Just as troubling to faculty, as the Statesman reported, “Classroom discussions on issues related to abortion are only allowed when ‘limited to discussions and topics relevant to the class subject,’ and if the instructor remains neutral. The discussions should be ‘approached carefully,’ the email said.”
Furthermore, “academic freedom is not a defense to violation of law.”
Since the memo was sent, faculty and staff have been struggling for some clarity. But UI administrators are typically tight-lipped issuing sound-bite statements that say nothing.
However, in that Sept. 27 Statesman story, UI spokeswoman Jodi Walker was reported to say: “While abortion can be discussed as a policy issue in the classroom, we highly recommend employees in charge of the classroom remain neutral or risk violating this law. We support our students and employees, as well as academic freedom, but understand the need to work within the laws set out by our state.”
This is not reassuring.
My intro class, Media and Society, would have anywhere from 40 to 120 students each semester. In moderating a discussion on Roe v. Wade, how could I ensure the discussions would be perceived as neutral by all? If I failed to tell a student to be quiet when they were making a pro-choice argument, would I be showing bias?
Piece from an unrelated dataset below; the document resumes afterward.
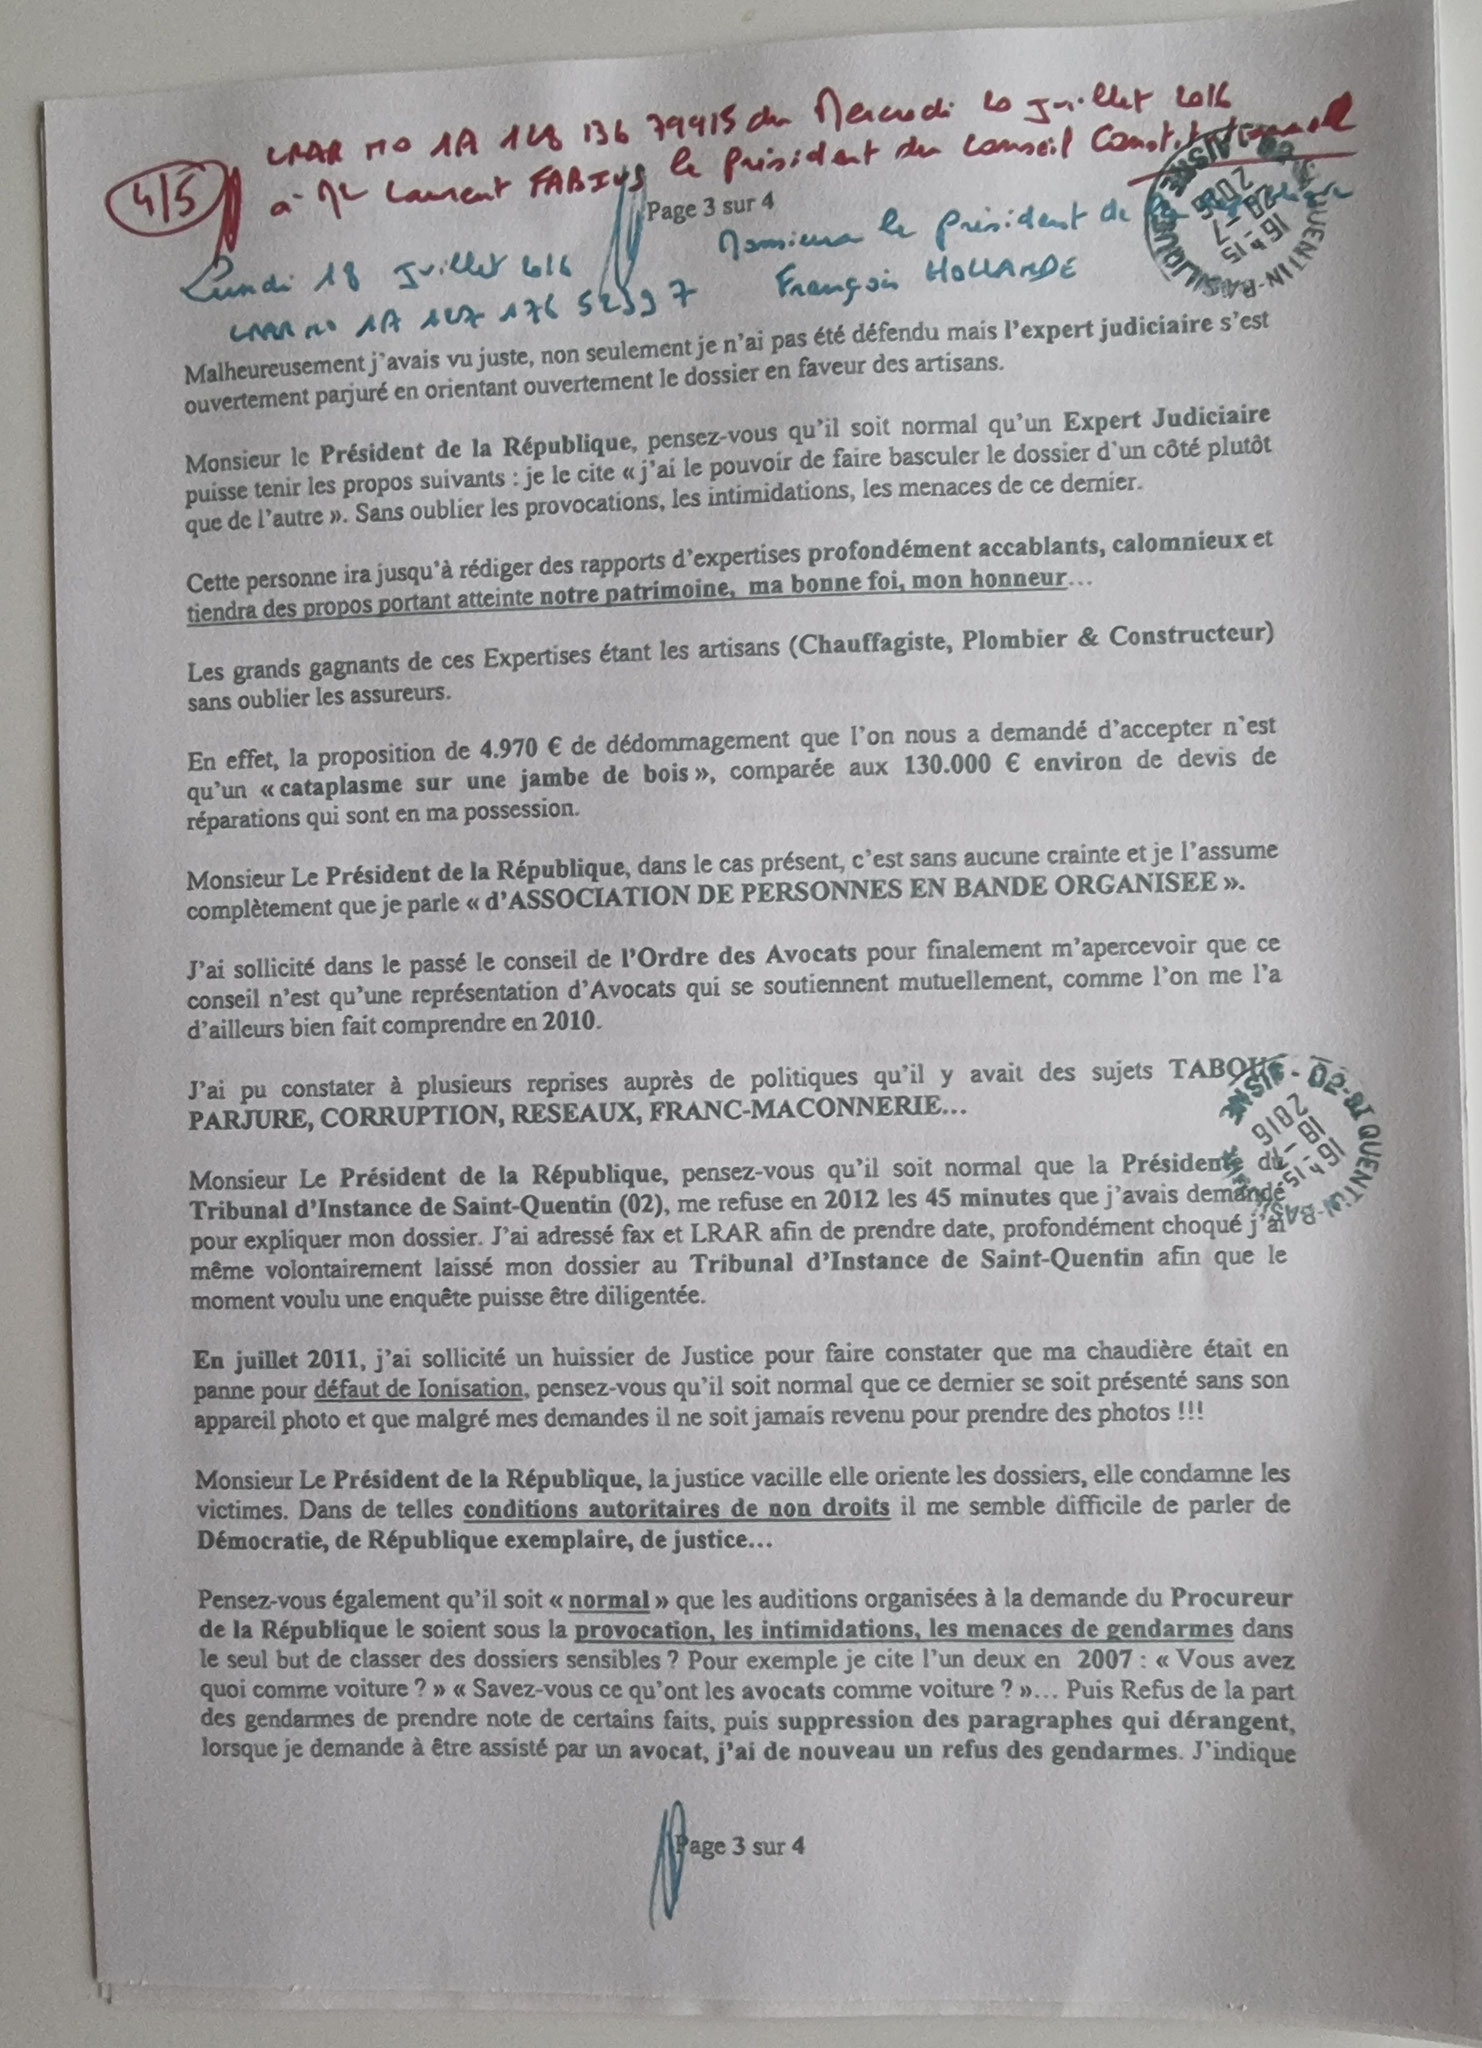 Ma Lettre recommandée du 20 Juillet 2016 adressée à Monsieur le Président du Conseil Constitutionnelle Laurent FABUIS DEMANDE PROTECTION DE MA PERSONNE www.jesuisvictime.fr www.jesuispatrick.fr

Every semester, without fail, I would have one student in one of my classes complain that I was politically biased. Those complaints would die in my department where my colleagues understood their nature.
Under the new guidelines, I can say with some certainty, such complaints now would prompt a university inquiry. That is a chilling prospect for any faculty member. And that chilling will inevitably diminish the quality of classroom education.
Free and open inquiry, free and open discussion is the foundation of a quality liberal arts education.
Of course, quality education is not a concern of the Idaho Legislature. The anti-abortion laws and the anti-contraception code were not enacted to handicap higher education. That is an unanticipated consequence. But does anyone seriously believe there will be any effort in the legislature to remedy the issue?
Faculty frustration and anger is substantial. Students, including the conservative student body president, are upset.
The loser in this sorry story will be the university, which may lose faculty, which may have trouble recruiting new faculty and which may lose students present and future.
Idaho’s race to the bottom continues. Except there appears to be no bottom.
Steven A. Smith is clinical associate professor emeritus in the School of Journalism and Mass Media at the University of Idaho having retired from full time teaching at the end of May 2020.
Smith is former editor of The Spokesman-Review in Spokane, Washington. As editor, Smith supervised all news and editorial operations on all platforms with a staff ranging from more than 140 in 2002 to 104 at the time of his resignation in October 2008. Prior to joining The Spokesman-Review, Smith was editor for two years at The Statesman Journal, a Gannett newspaper in Salem, Oregon, and was for five years editor and vice president of The Gazette, a Freedom Communications newspaper in Colorado Springs, Colorado.
He is a graduate of the Northwestern University Newspaper Management Center Advanced Executive Program and a mid-career development program at Duke University. He holds an MA in communication from The Ohio State University where he was a Kiplinger Fellow, and a BS in journalism from the University of Oregon.
Smith serves on the SpokaneFāVS Board.